Somebody once told me about a blood-spattered coin one Wilkes-Barre police officer said he turned in to supervisors after finding it in the apartment of a potential witness in the case. Does such a coin exist? Did such a coin ever exist? Don’t ask me why police visited this apartment and an officer took a blood-spattered coin he said he found.

If this is true, a report should be filed somewhere. Numerous other reports should be filed as well – reports containing crucial details about the California prison interview with DeGraffenreid and interviews with other witnesses and potential suspects – if, in fact, such interviews occurred.

The late city detective Tom Bird who responded to the crime scene told me in 1993 he believed somebody fed Juanita Todd’s babies that terrible September night in Wilkes-Barre. Somebody might have even changed their diapers.

“It was real hot,” said Bird. “And the fan was one of those big floor model jobs. The 18-month-old (Odetta) was sitting right by it.”

Odetta’s five-month-old sister Tamu lay safe in a nearby crib.

“There was no safety guard on the front of the fan,” Bird said. “It would have sliced the little girl’s hand off if she had reached for it.”

 “Somebody was in that apartment and fed those kids,” he said “Between the time of Juanita’s killing and us finding her, somebody fed them. There was even an open loaf of bread on the kitchen counter. I reached inside the wrapper and felt it. It was still soft, fresh.” 

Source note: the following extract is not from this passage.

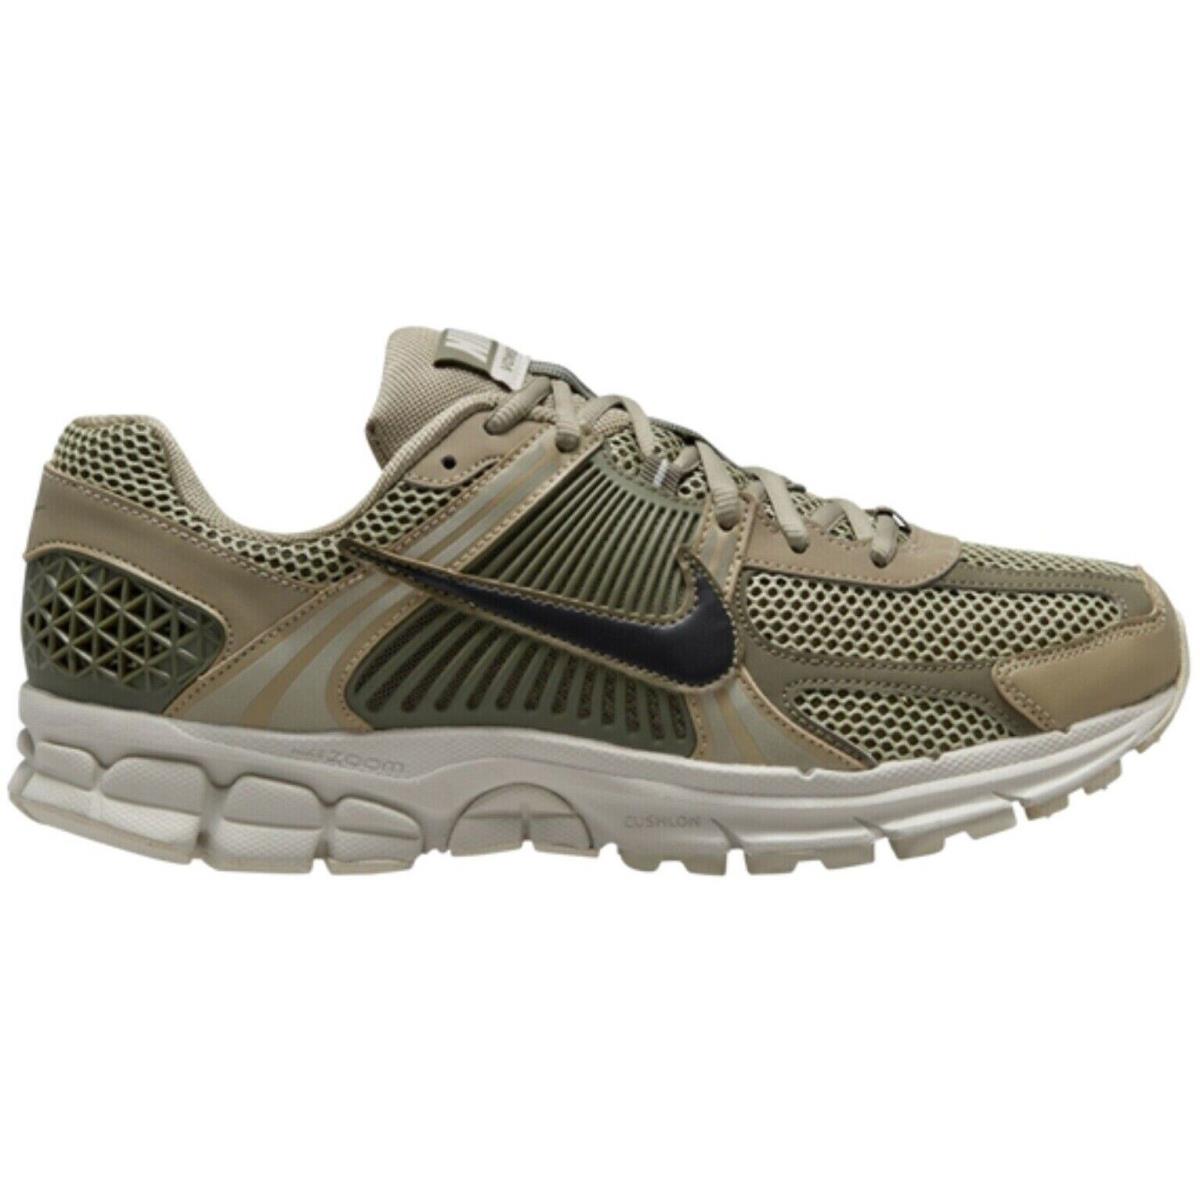 Nike Zoom Vomero 5 Men`s Casual Shoes All Colors US Sizes 7-14 Neutral Olive / Black / Medium Olive
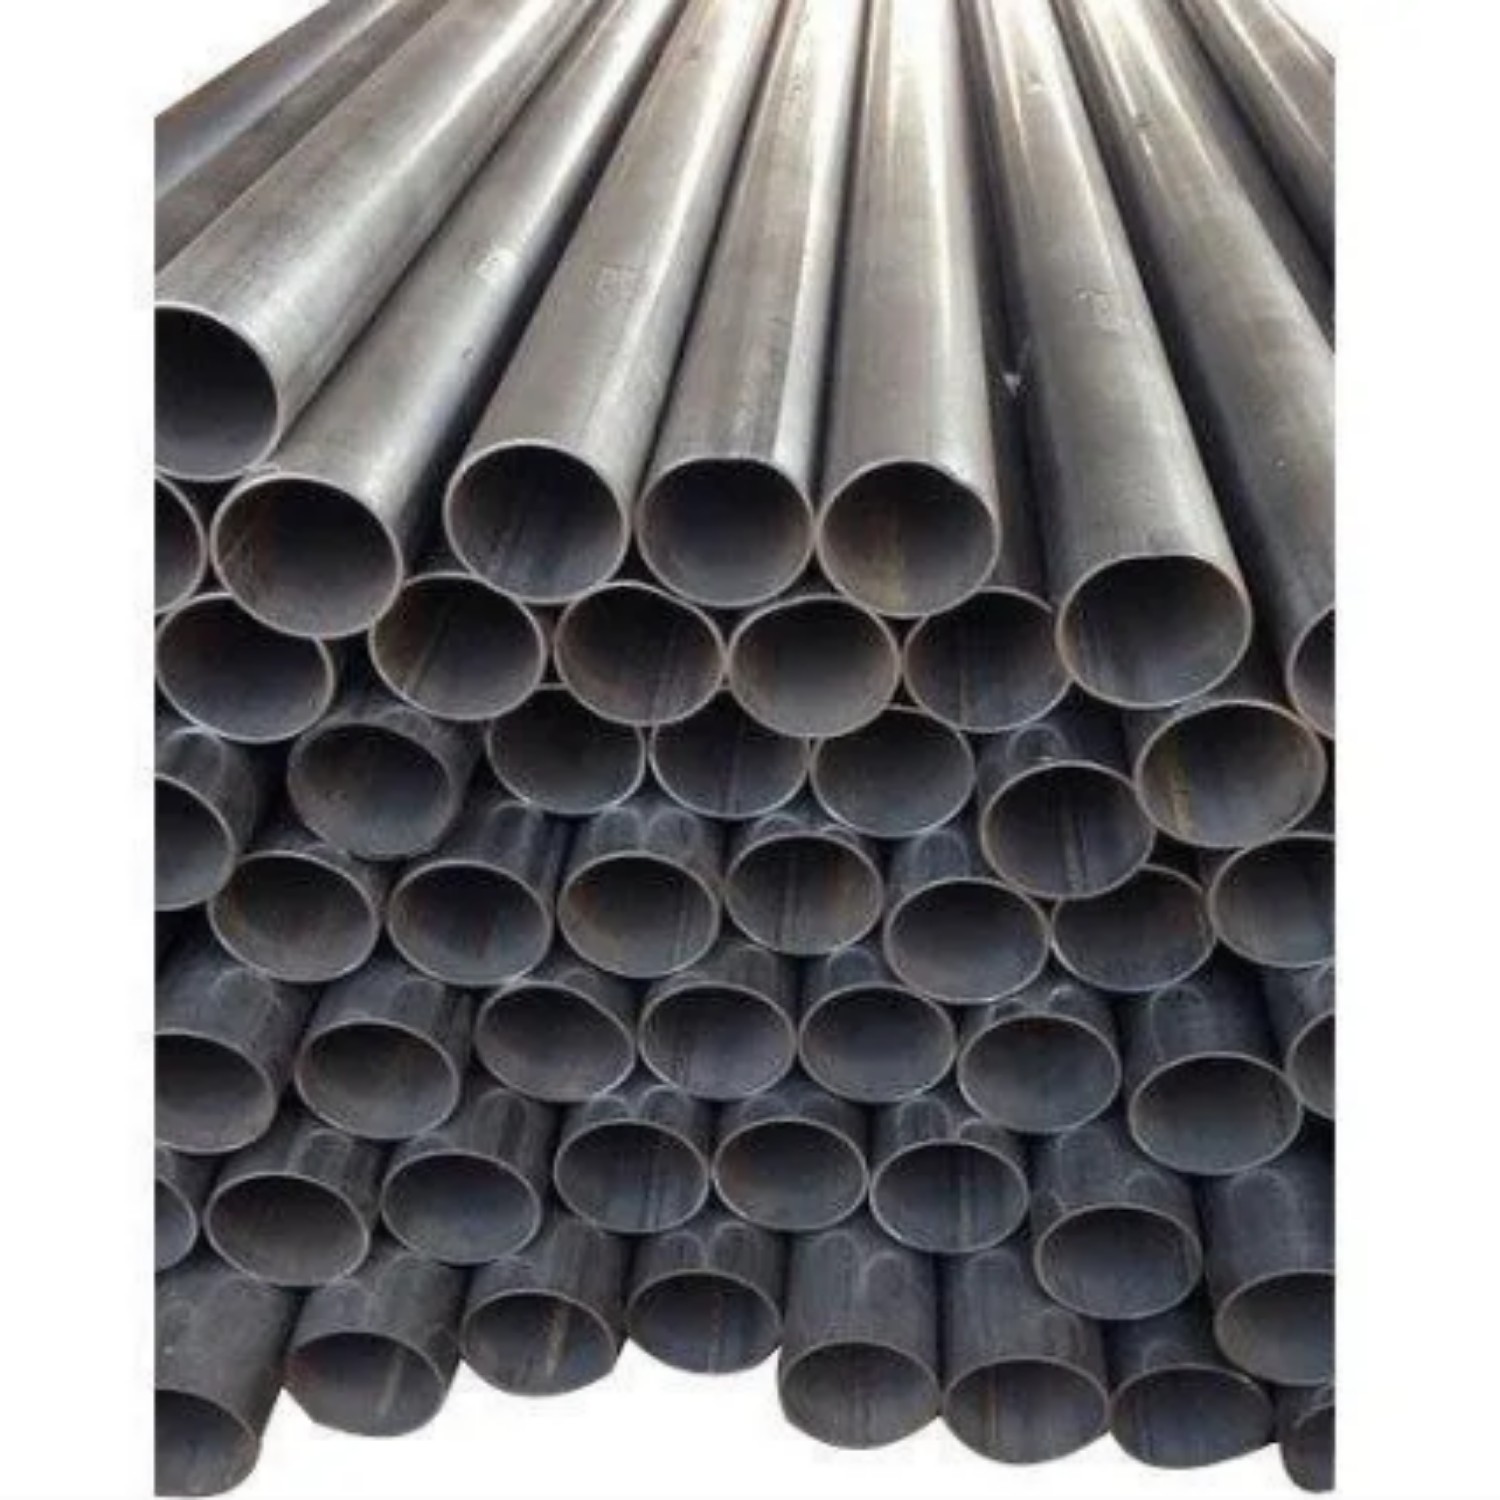 Apollo Pipes and Steels | Apollo Pipes and Tubes In Chennai

Despite police officially naming DeGraffenreid as their only suspect, police privately said more than one murder suspect existed. Were other people in Juanita Todd’s apartment when she died?

Police need to find out.

Blood.

Fibers.

Hair.

A knife.

A blood-spattered coin.

Suspects.

The evidence should be available to a mostly new generation of diligent investigators who take seriously the painful mystery that shrouds the shameful death of Juanita Todd.

As any good detective or prosecutor knows, evidence means everything in a murder case.